Average and Instantaneous Speed Learning Intention To learn

Average and Instantaneous Speed

Learning Intention: To learn the difference between average and instantaneous speed, then use this in various types of calculation. Success Criteria: Calculations involving scalars and vectors will be completed, with further maths skills such as Pythagoras and SOH-CAH-TOA to be used in future lessons.

AVERAGE SPEED The average speed is a speed measured over a large time interval. Average speed cameras are becoming more common in Scotland as they prevent drivers from simply slowing down when they see a camera. The driver must now travel at an average speed which is below the speed limit for that road.

Experiment 1 i) Using a trundle wheel, measure out a set distance and record in the table in your workbook. ii) Get your partner to record the time that it takes you to cover this distance when walking, jogging and sprinting. Measurement Distance (m) Time (s) Walking Jogging Sprinting iii) Calculate each average speed. Average Speed (ms-1)

Example Now, work through this example as a class, completing the solution in your workbook: Example: Calculate the average speed of a car which travels 2400 m in 5 minutes.

AVERAGE SPEED EXPERIMENT If asked how to measure the average speed of an object (car, bicycle etc): 1. Measure the distance travelled using a metre stick (or trundle wheel). 2. Measure the time taken, with a stopclock. 3. Use the equation: d = vt. You must mention what you use to measure both of the relevant quantities.

INSTANTANEOUS SPEED Instantaneous Speed is the speed measured over a very small time interval. For example, this is what is shown on a car’s speedometer.

EXPERIMENT 2 i) Set up the apparatus as shown below: QED Computer Trolley with length of card Light Gate Ramp ii) Measure the length of the card on the trolley and record in your workbook. iii) Safely release the trolley from the top of the slope and record the time taken to pass through the light gate from the computer. iv) Repeat the experiment 5 further times.

EXPERIMENT v) Calculate an instantaneous speed for each time. vi) Calculate the mean instantaneous speed of the trolley.
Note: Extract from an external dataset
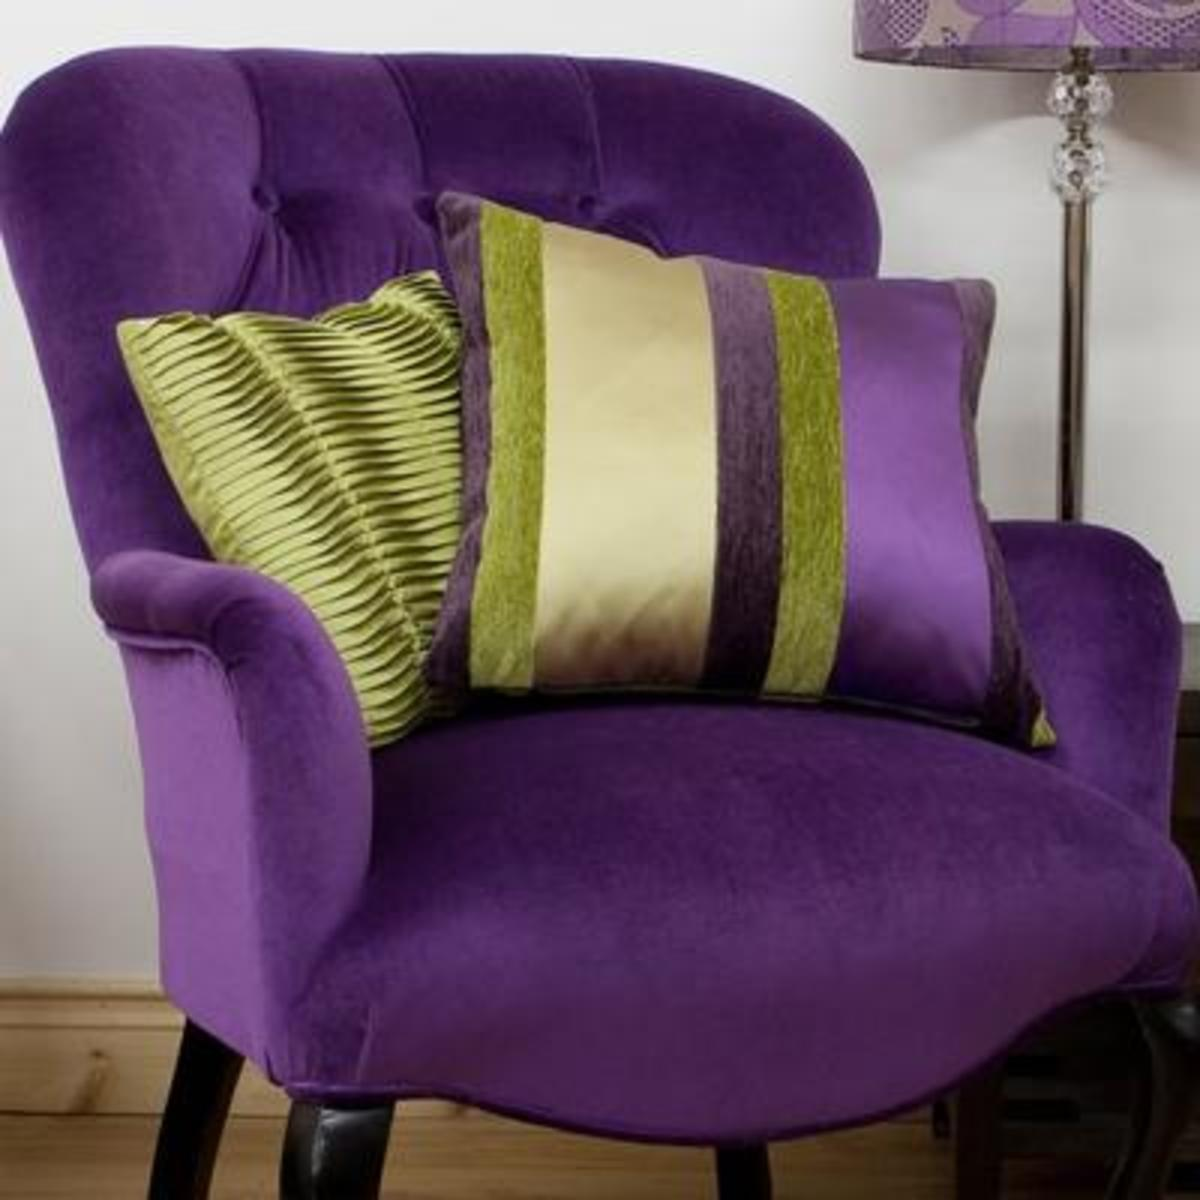 Lime Green & Purple
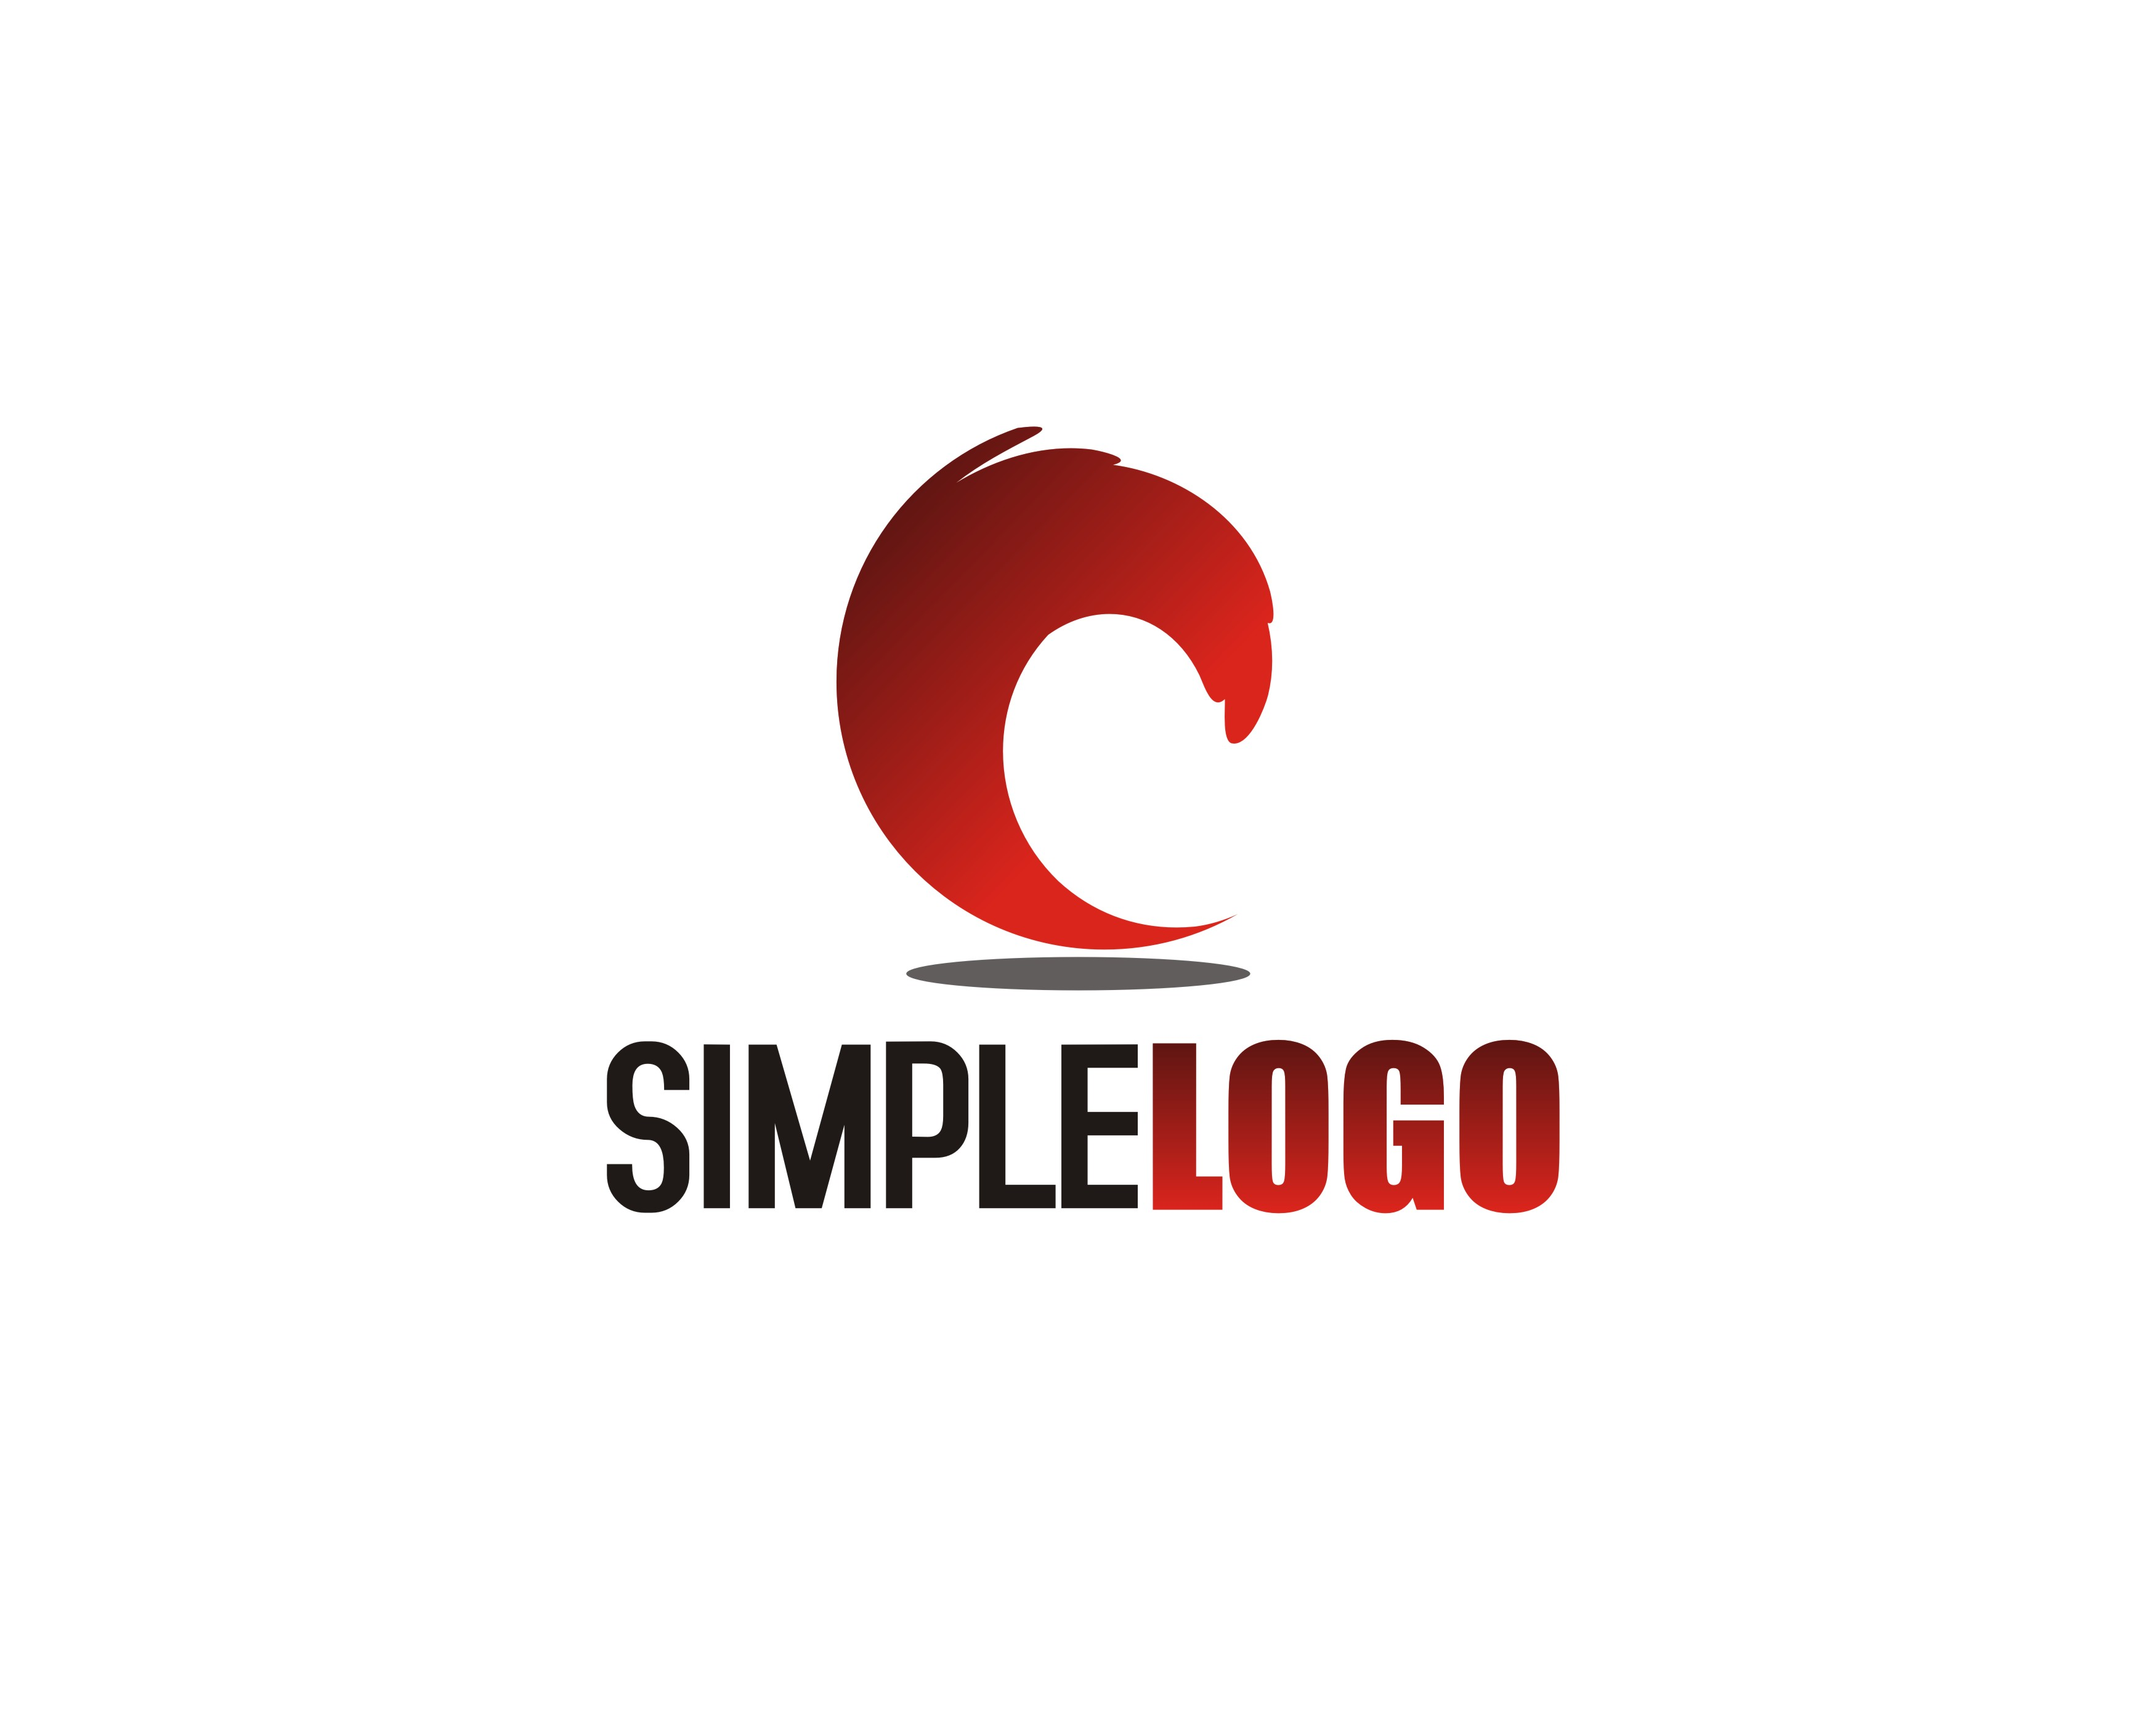 Logo Design Ideas For It Company Logo Design Ideas Logo Design By Pegasusmultimediagh Pegasusmultimediagh Fashion Logos Logo Apparel Fashion And Apparel Logo Design Ideas Sky Life Residences Logo Design Ideas Resume

Length of Card (m) Time from Light Gate (s) Instantaneous Speed (ms-1) Mean Instantaneous Speed = ______ ms-1

Example Now, work through this example as a class, completing the solution in your workbook: Example: A car of length 4. 5 m passes through a speed trap light gate in a time of 0. 18 seconds. If the road along which the car travels is 2500 m long, calculate the car’s instantaneous speed as it passes through the trap. Now, solve the examples from your workbook in your classwork jotter showing full working for each one.

INSTANTANEOUS SPEED EXPERIMENT Instantaneous Speed is the speed measured over a very small time interval. If asked how to measure the instantaneous speed of an object (car, bicycle etc): 1. Measure the length of the card (vehicle) using a metre stick. 2. Measure the time taken, with a light gate connected to a computer. 3. Use the equation: d = vt (length of card = inst. Speed x time through light gate). You must mention what you use to measure both of the relevant quantities.

Click the picture above for a Top Gear race across several countries. i) Who has the highest average speed? ii) Who has the largest instantaneous speed? iii) What about the highest average velocity?

Success Criteria: Calculations involving scalars and vectors will be completed, with further maths skills such as Pythagoras and SOH-CAH-TOA to be used in future lessons. This success criteria can be ticked off following the Vector Diagrams lesson.

Now, use the space in your workbook to produce a summary of average and instantaneous speed. You may wish to produce concise bullet points, or draw a mind-map, or use any other useful revision technique.